Wolf and Hirzinger¹⁰ from the German Aerospace Center (DLR) designed a variable stiffness structure (VS-Joint) based on coil springs, which is based on the principle of incorporating a spring element between the drive motor and the output linkage, with the stiffness motor controlling the variable stiffness. Subsequently, Wolf et al.¹¹ optimized the spring structure so that the variable stiffness mechanism was connected in parallel with the output shaft, which resulted in a more compact structure. Zhu and Thomas¹² designed an innovative variable stiffness mechanism by using the principle of variable pivot point of cams and levers, which can be optimized by optimizing the shape of the cams to improve the stiffness performance. The VSJ using leaf springs was proposed by Yang et al. The effective length of the spring can be changed by a crank-slider mechanism to achieve a wide range of stiffness variatio.¹³ Wu et al.¹⁴ combined cams and leaf springs to realize a VSJ that can be combined with one or more leaf springs, and the stiffness range of the joint is determined by the number of springs used.

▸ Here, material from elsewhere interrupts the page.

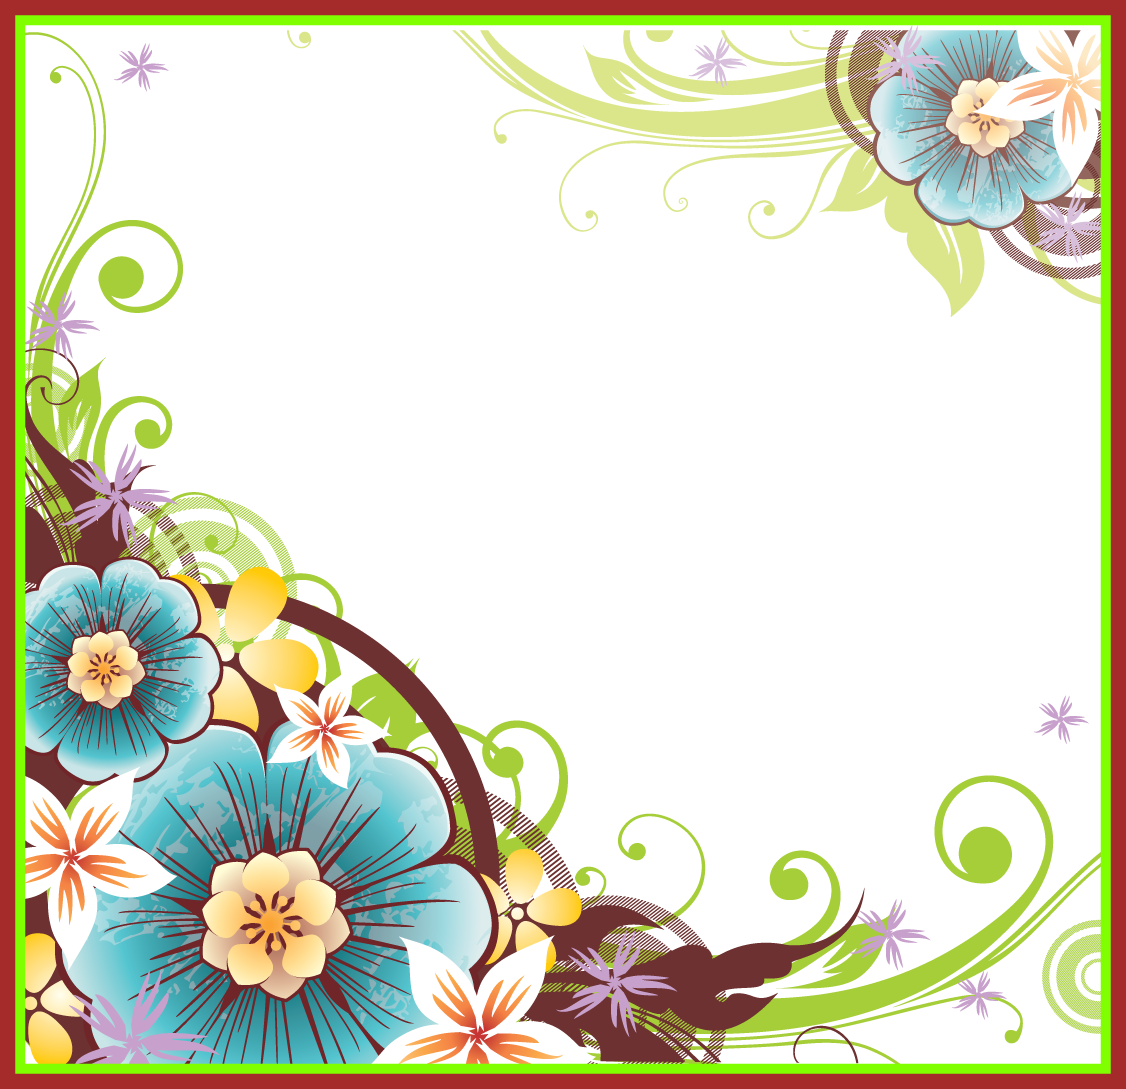 Amazing Flower Vector Png Border Patterns Pic Of Sunflower - Amazing Flower Vector Png Border Patterns Pic Of Sunflower (1126x1089)
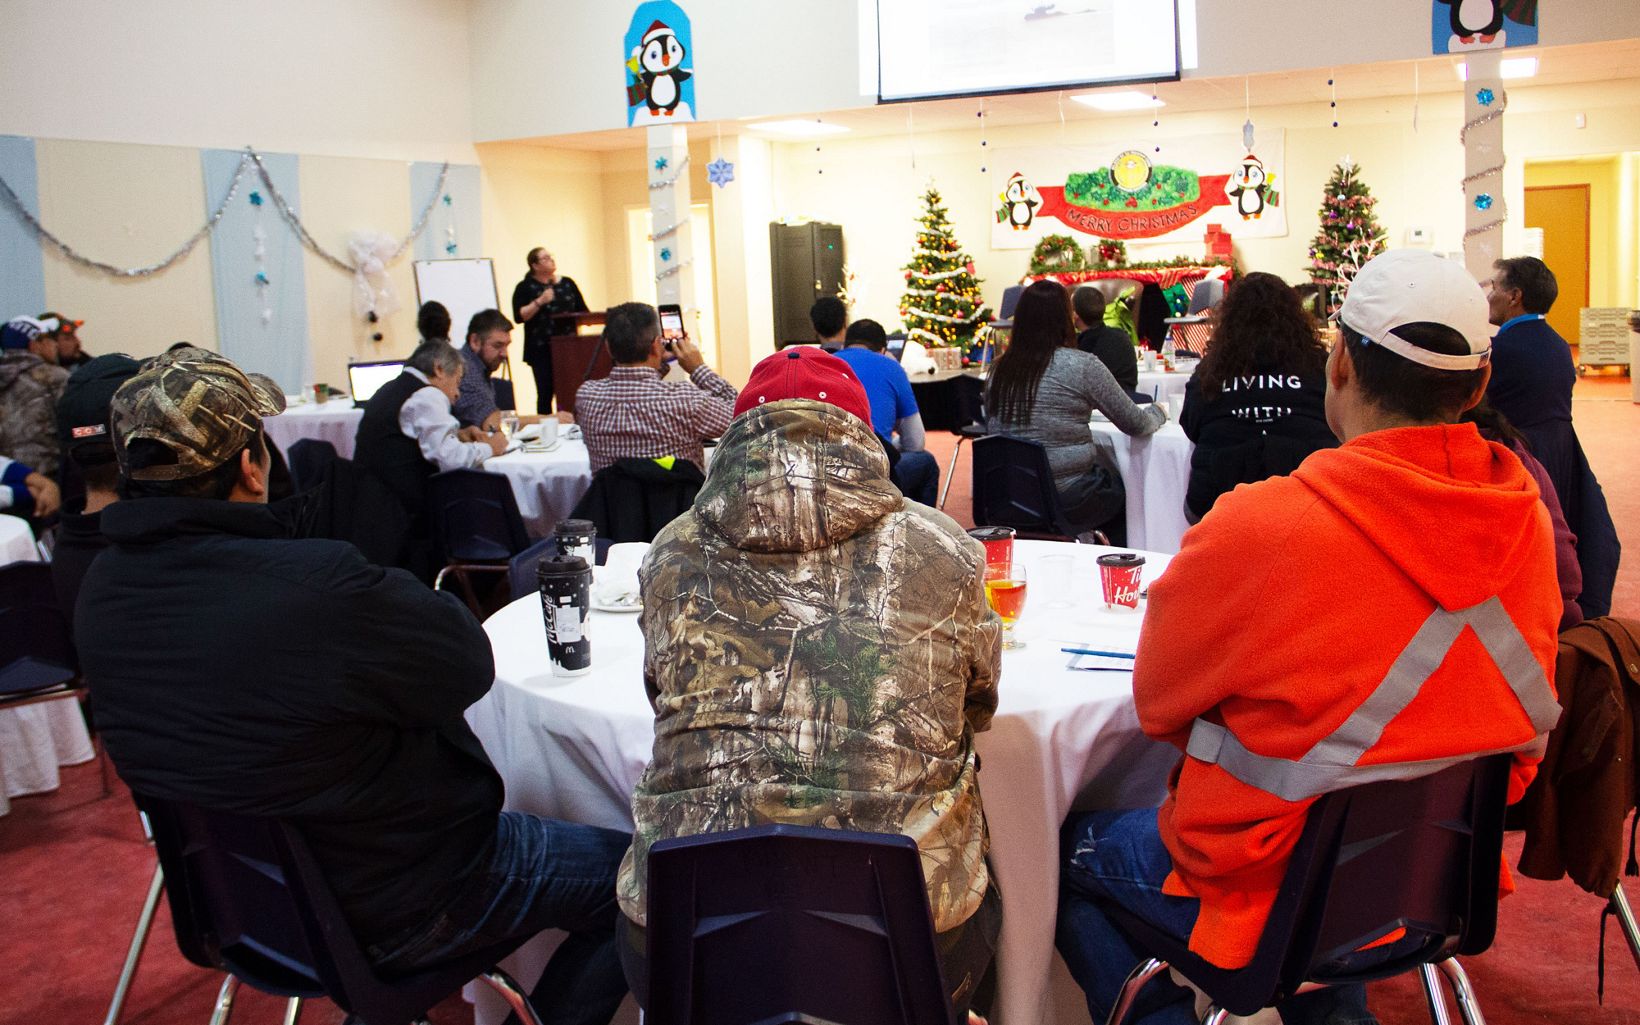 A festive spirit  at the Ma-Mow-We-Tak Friendship Centre in Thompson, Manitoba, where Nisichiwayisihik Cree Nation and Nature United co-hosted a moose workshop.  © Nature United

Awad et al.¹⁵ proposed a combination of torsion spring and lever principle to vary the stiffness of the joint by changing the load position of the joint, the advantage is that it allows the joint to be adjusted in the range of zero and maximum stiffness. Jafari et al.¹⁶ used a rolling screw to move the spring to change the effective arm of the lever, but due to the large design of the joint dimensions it is only suitable for exoskeleton joints. Zhang et al.¹⁷ designed a novel variable stiffness joint using a permanent magnet mechanism instead of a linear spring, but the joint size is large and two motors are needed to control the gap of the permanent magnet mechanism to change the joint stiffness. Junho Choi et al. proposed a variable stiffness joint based on permanent magnets. The structure consists of two concentric rings with different radii, and each ring consists of four curved magnets and four curved spacers, which is more novel, has a smaller size and can reach almost zero stiffness.¹⁸

The flexible variable stiffness joint studied in this paper is an important category of flexible joints, which has mechanically adjustable stiffness characteristics. This kind of mechanical VSJ has been gradually applied to the robot joints for human-robot interaction because of its smaller structure size and larger adjustable stiffness range. Robots with this kind of joint have higher safety and environmental adaptability, enabling them to interact with people or objects in complex environments, such as polishing, assembling, human-robot collaboration, etc. Flexible joint robots can also use joint flexibility to compensate for torque and reduce impact, improving the position control accuracy and force control performance of the robotic arm.

Mechanical design and theoretical analysis of VSJ

In this paper, we present the design of a VSJ that achieves stiffness variation by utilizing a turbine-worm drive to adjust the joint position and a sliding helical drive to modify the effective length of the leaf springs. This innovative mechanism enables us to control the stiffness of the joint flexibly. The VSJ features a symmetrical structure, allowing for two different assembly schemes that offer distinct stiffness ranges. To achieve this, the joint is equipped with two motors, namely a joint motor and a stiffness motor. These motors work in tandem to enable the joint to adapt its stiffness based on the requirements of the human-computer interaction scenario.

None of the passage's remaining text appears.